Exercise data:
↓↓↓
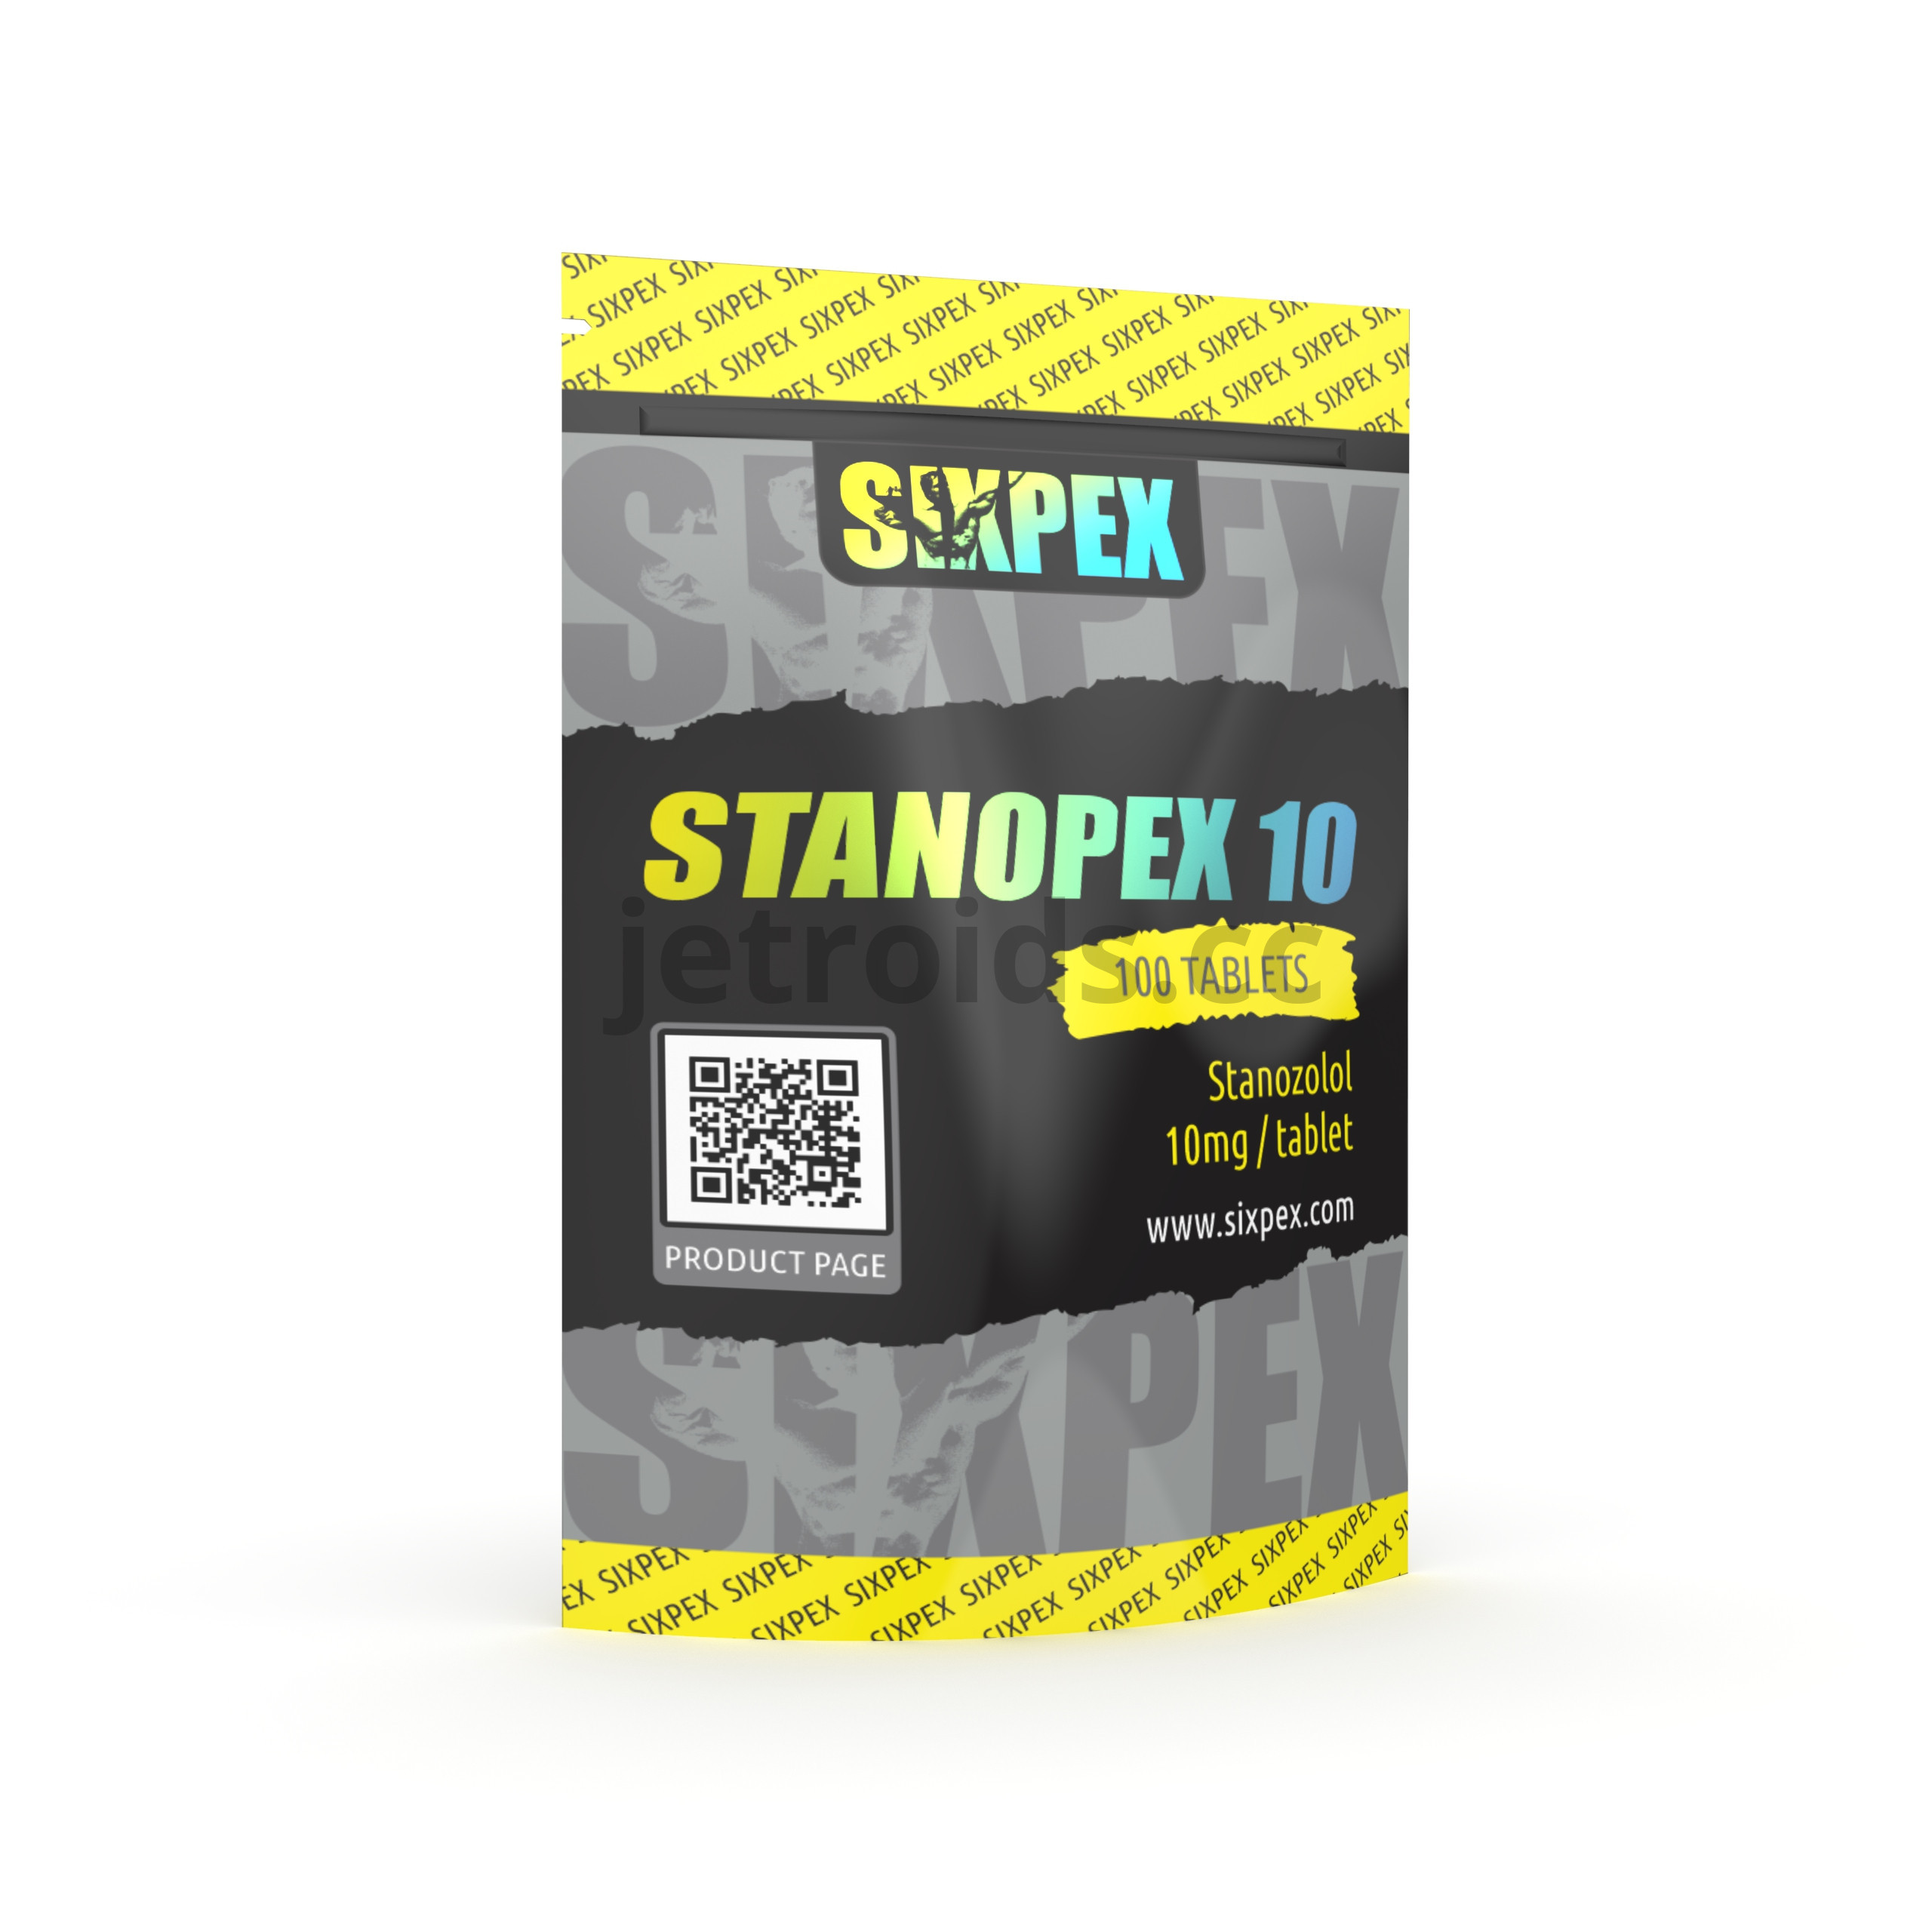 Sixpex Stanopex 10 Product Info
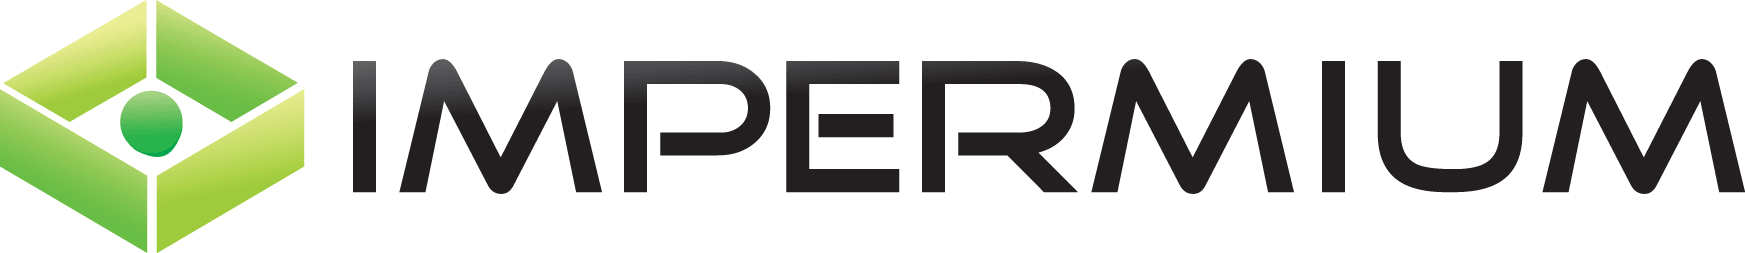 Impermium logo
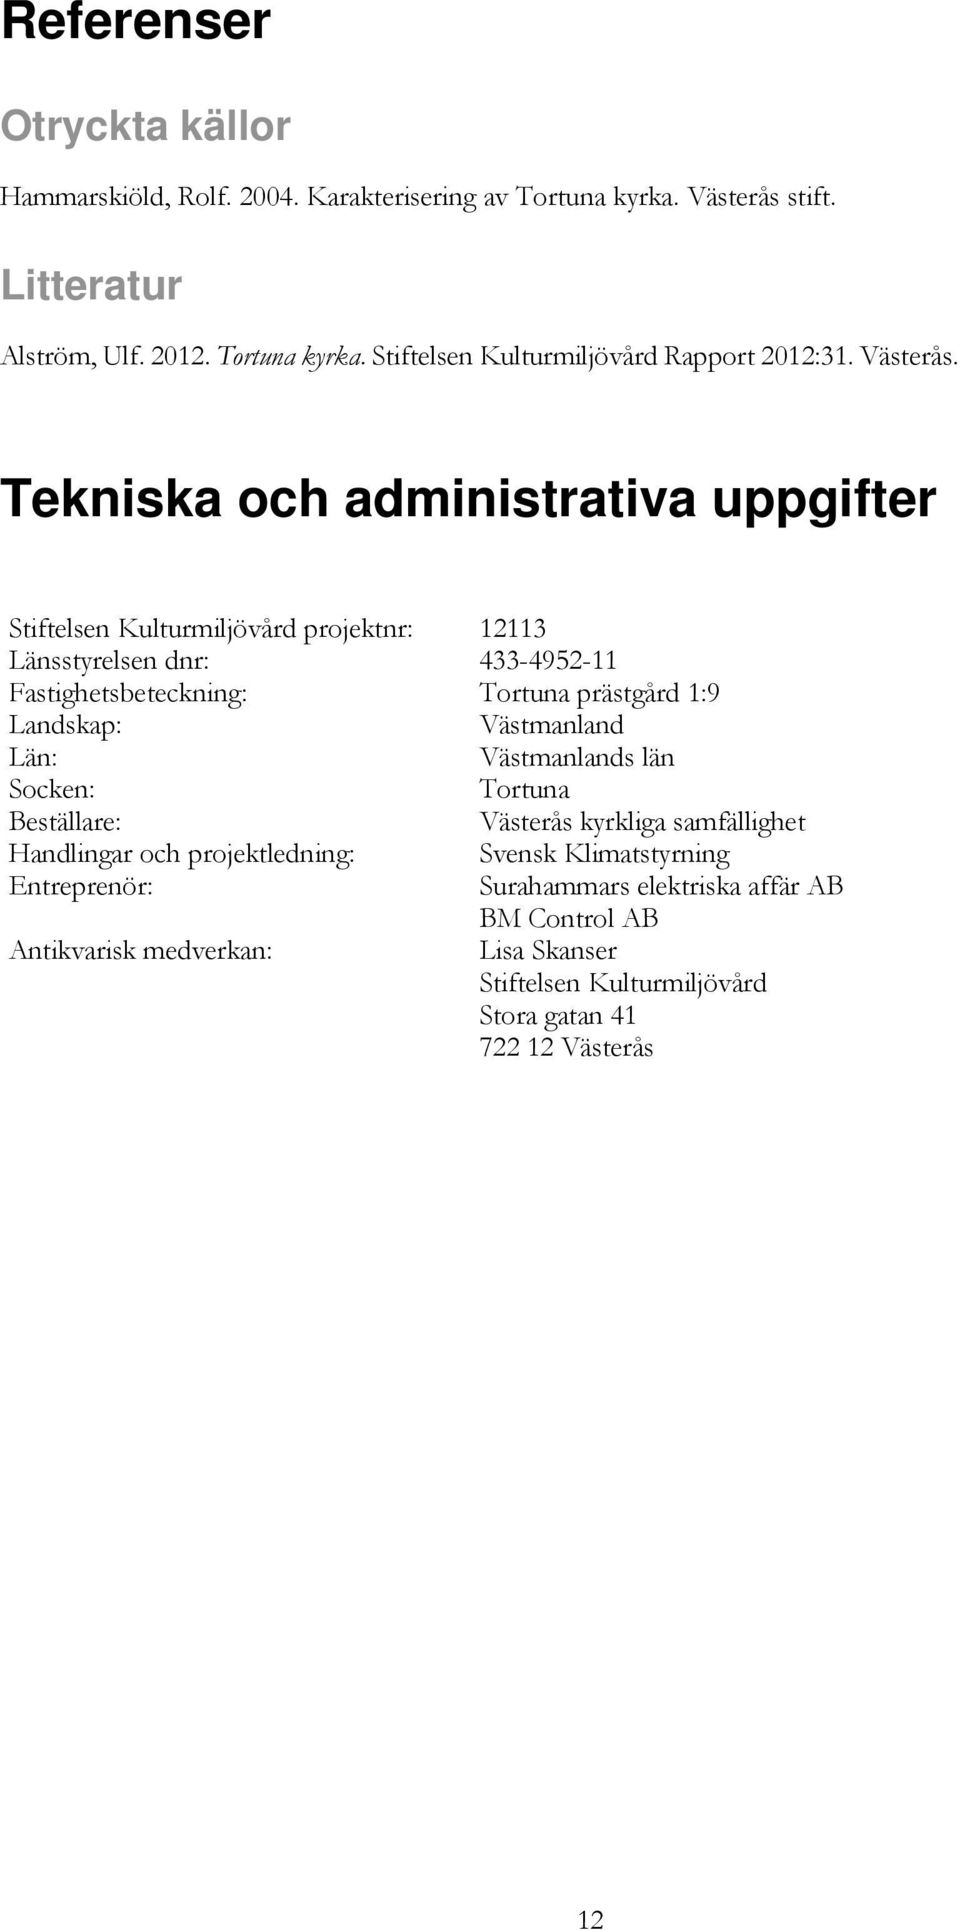 Tekniska och administrativa uppgifter Stiftelsen Kulturmiljövård projektnr: 12113 Länsstyrelsen dnr: 433-4952-11 Fastighetsbeteckning: Tortuna prästgård 1:9 Landskap:
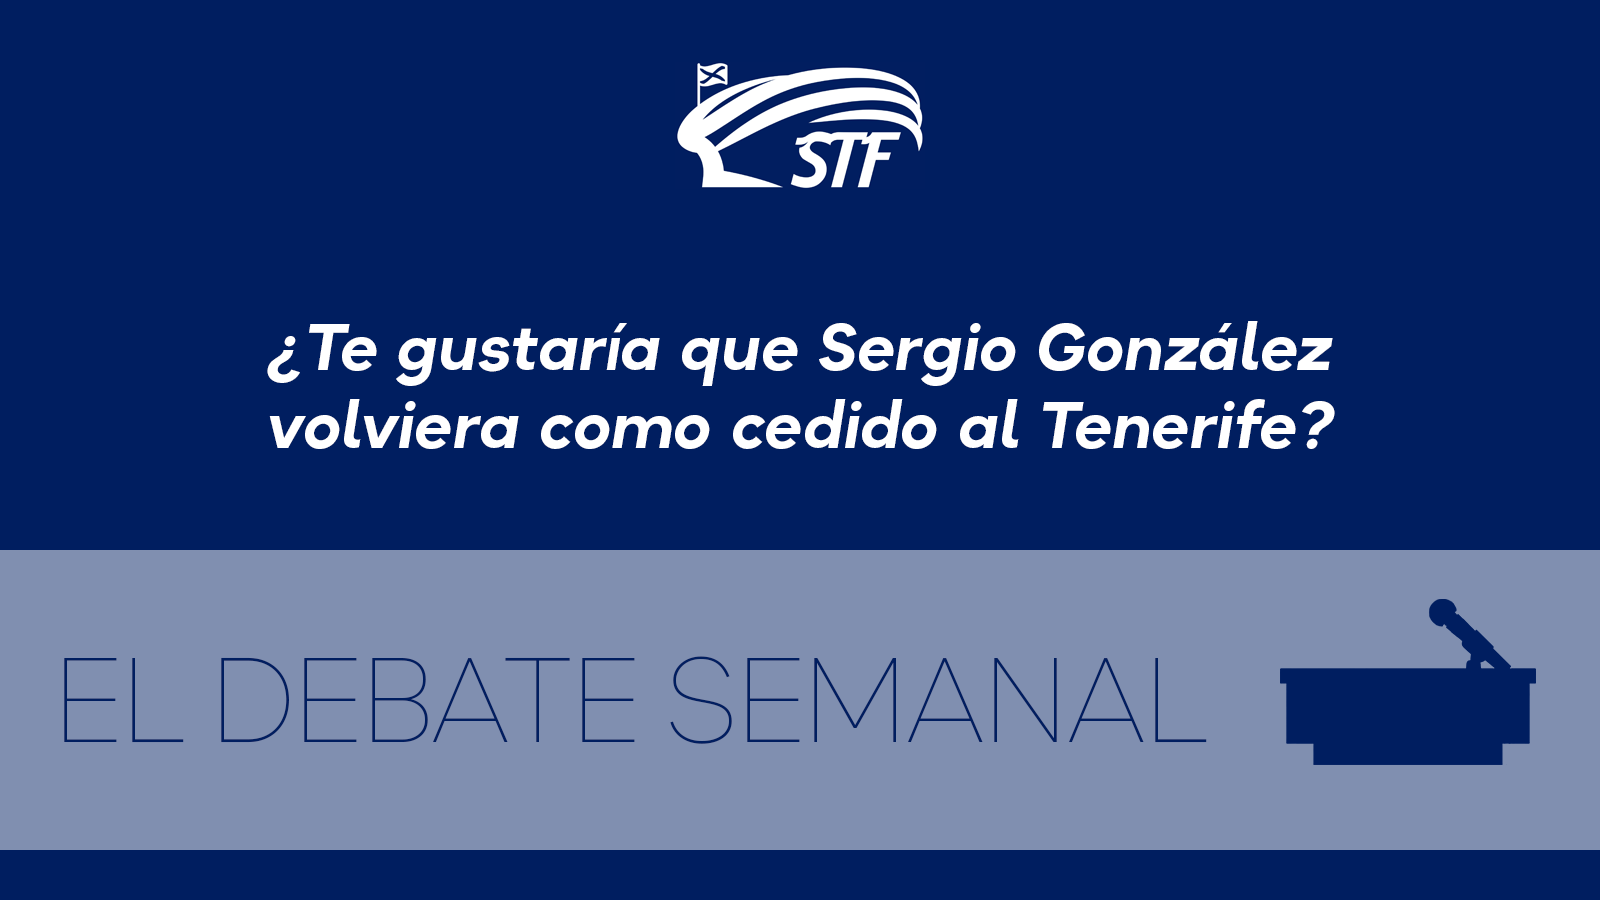 El Debate Semanal: ¿Te gustaría que Sergio González volviera como cedido al Tenerife? El 95,8% dice sí
↑↑↑
Task brief:
Take the line containing "Impermium logo" through the last line of the material and retype exactly those lines, both ends included, with no pictures.

Task output:
 Impermium logo
 Tekniska och administrativa uppgifter Stiftelsen Kulturmiljövård projektnr: 12113 Länsstyrelsen dnr: 433-4952-11 Fastighetsbeteckning: Tortuna prästgård 1:9 Landskap:
 El Debate Semanal: ¿Te gustaría que Sergio González volviera como cedido al Tenerife? El 95,8% dice sí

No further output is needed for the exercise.